▶ GIVEN INFORMATION:
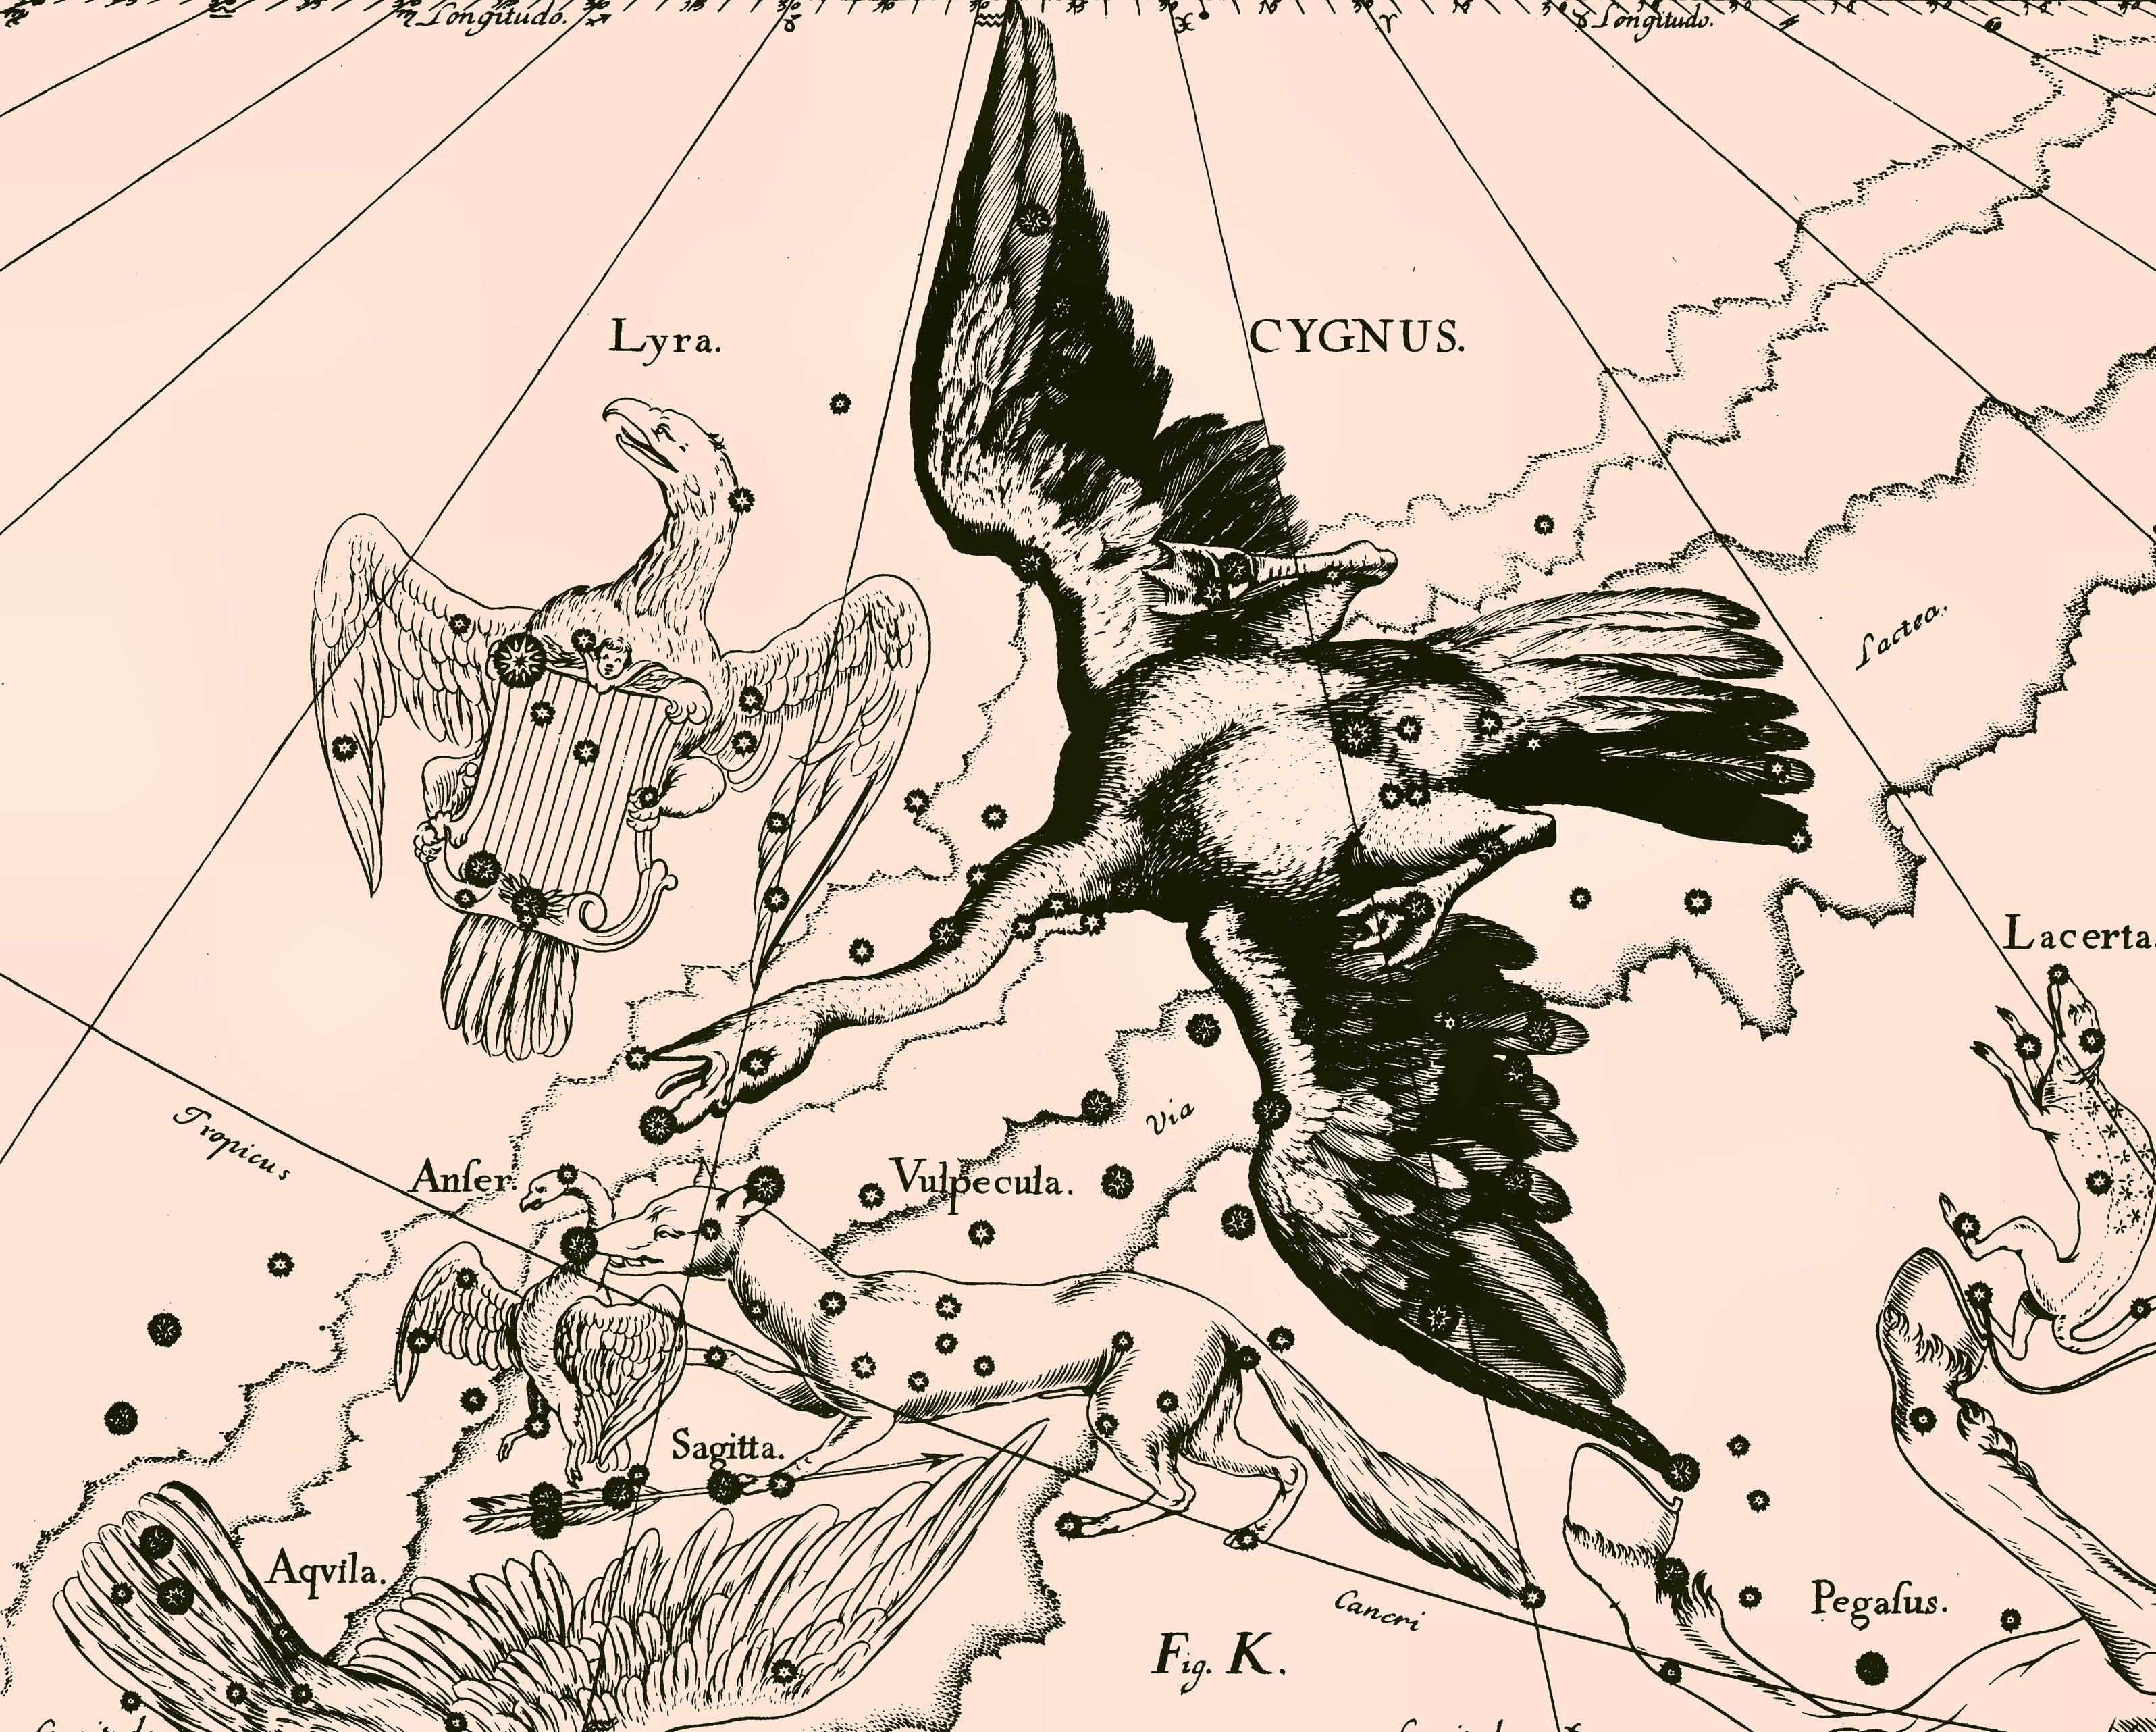 http://www.galactic.name/constellations/img/cygnus_constellation_uranographia_big.jpg
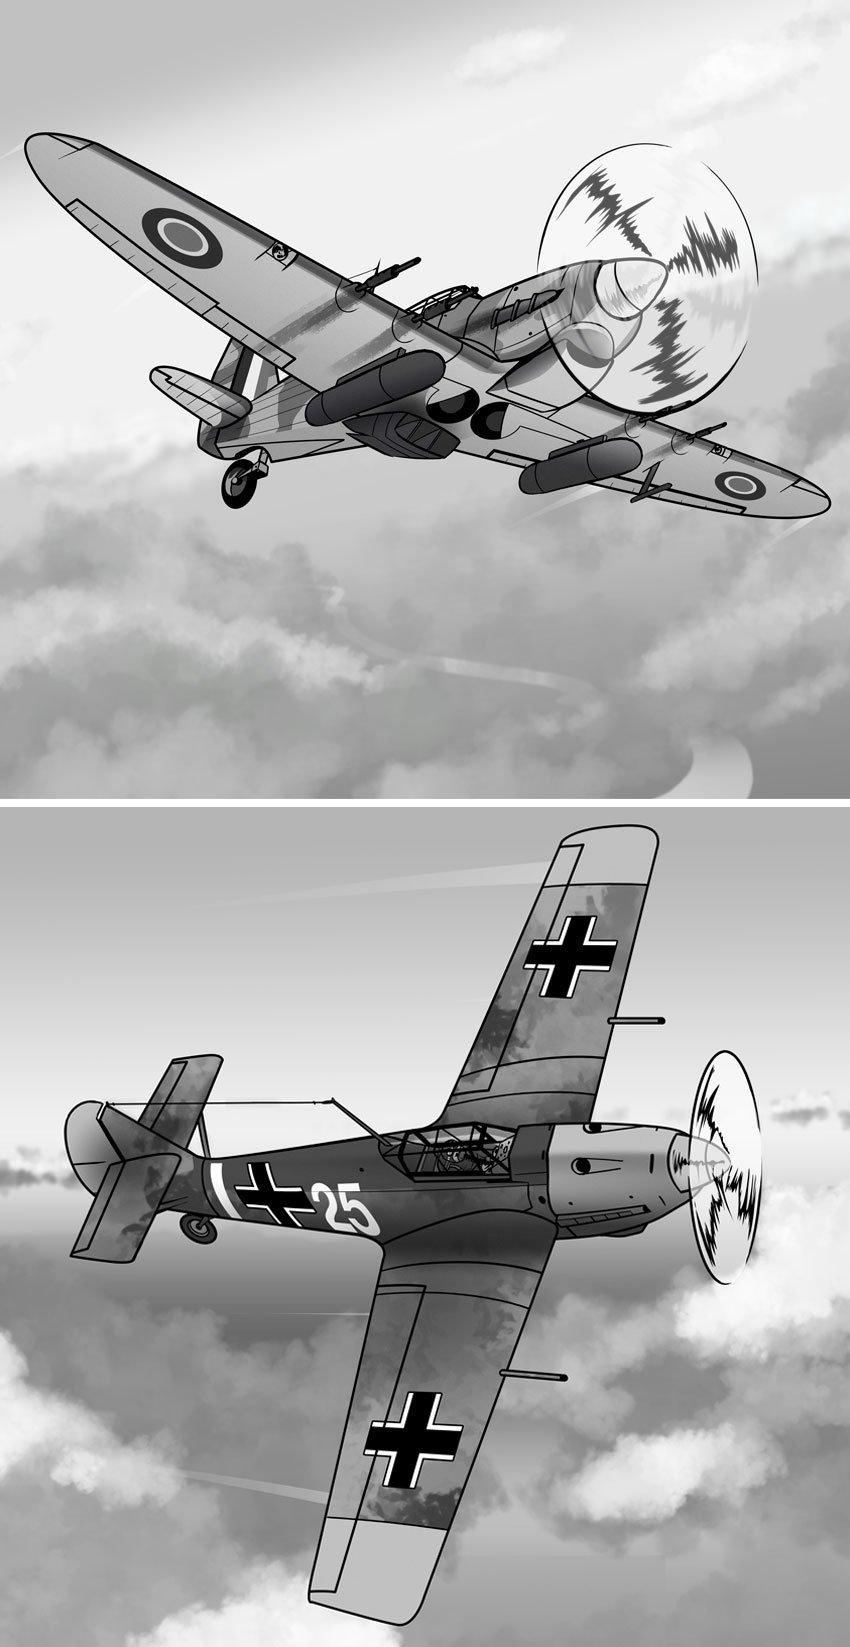 The Spitfire had companions like the Hurricane top and rivals like the Messerschmitt bottom
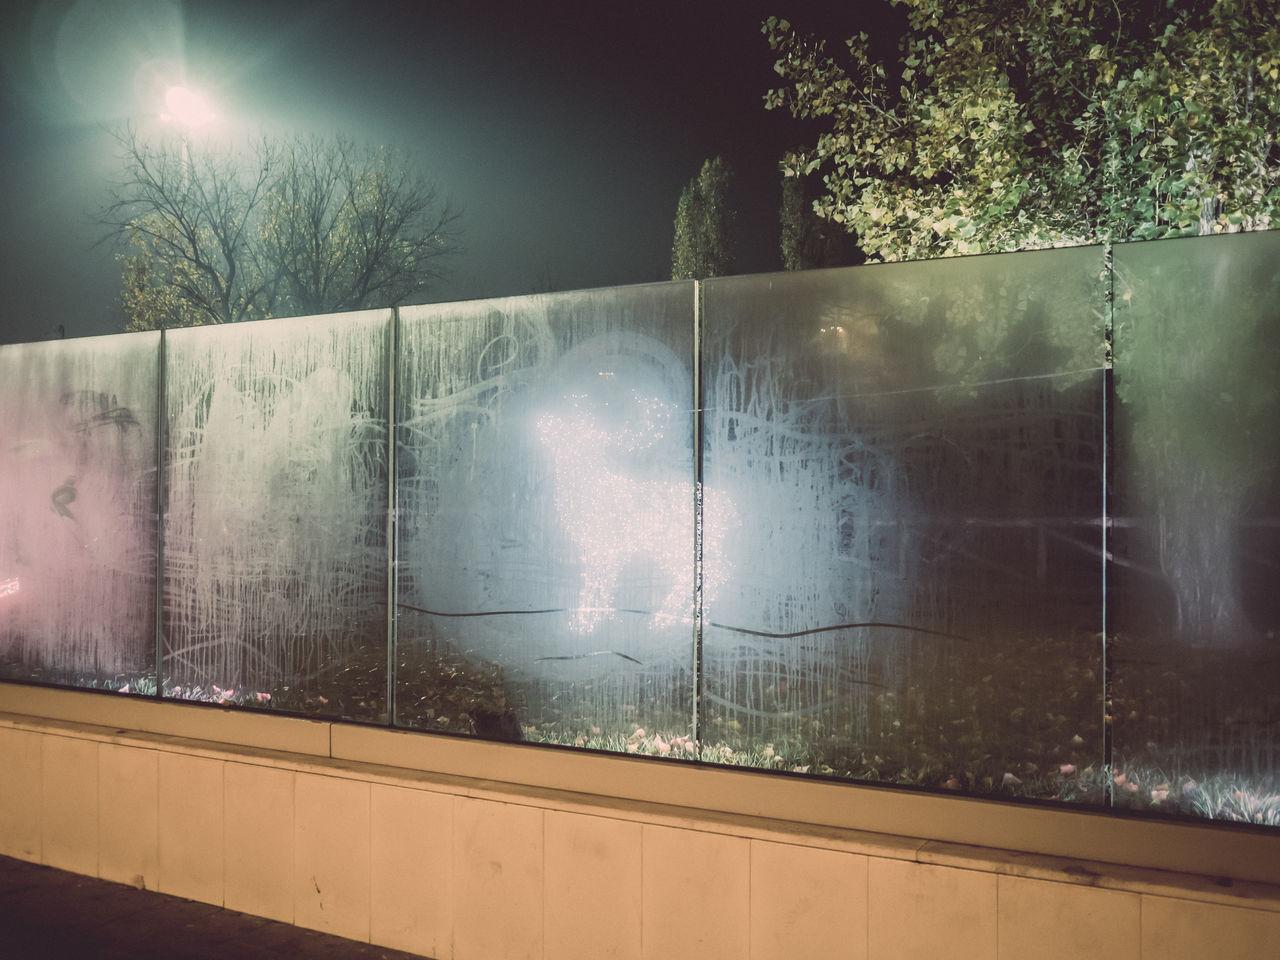 VIEW OF ILLUMINATED WINDOW IN NIGHT
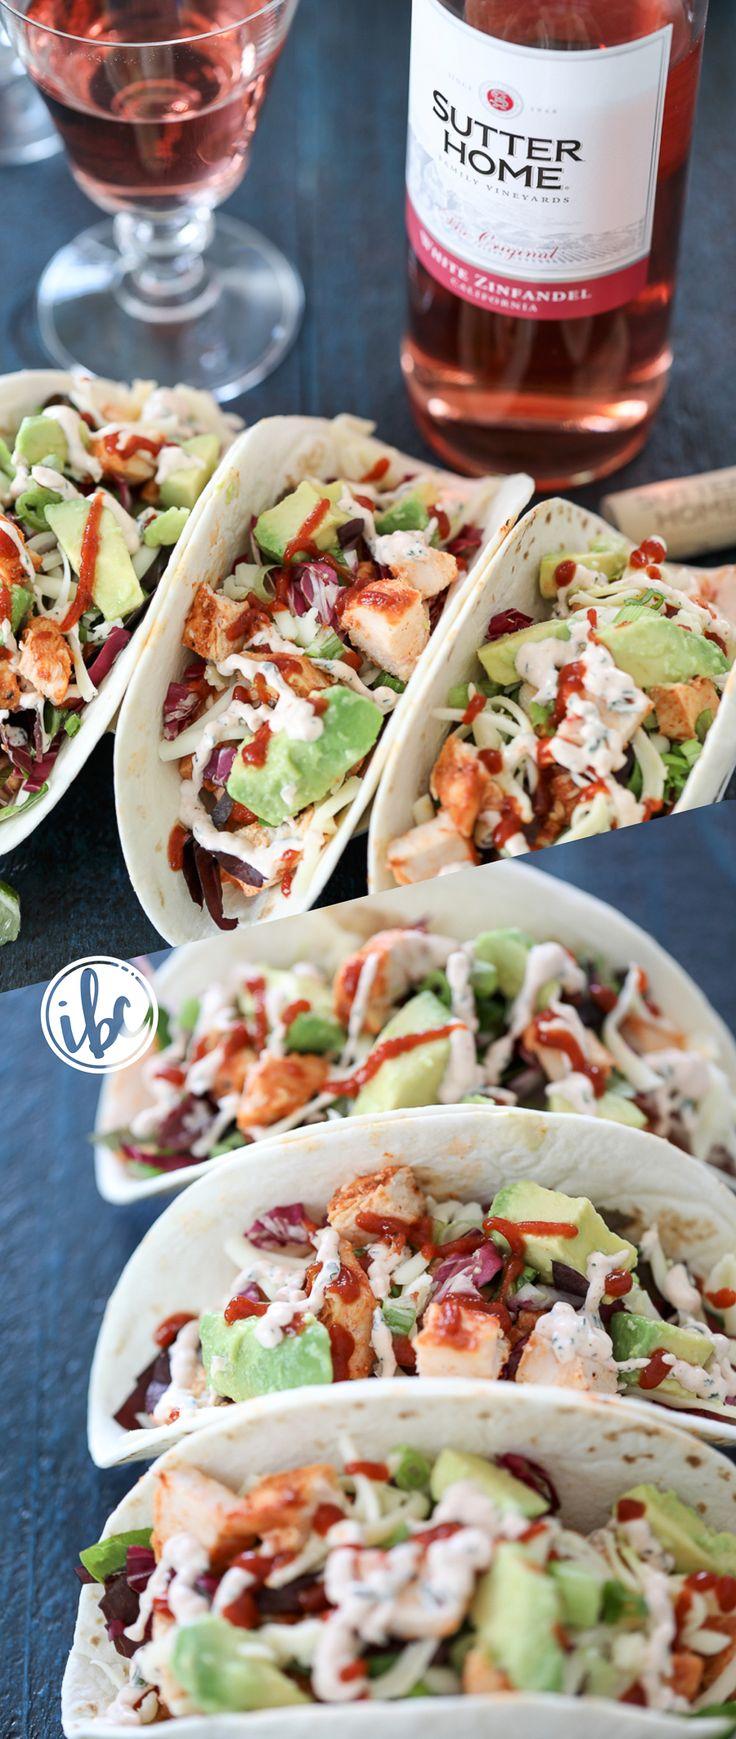 Sriracha Chicken Tacos - Cinco de Mayo - taco tuesday - sriracha recipe - chicken tacos with avocado

▶ TASK DETAILS: Leaving out only the pictures, reproduce the listing exactly.

▶ EXERCISE ANSWER:
 http://www.galactic.name/constellations/img/cygnus_constellation_uranographia_big.jpg
 The Spitfire had companions like the Hurricane top and rivals like the Messerschmitt bottom
 VIEW OF ILLUMINATED WINDOW IN NIGHT
 Sriracha Chicken Tacos - Cinco de Mayo - taco tuesday - sriracha recipe - chicken tacos with avocado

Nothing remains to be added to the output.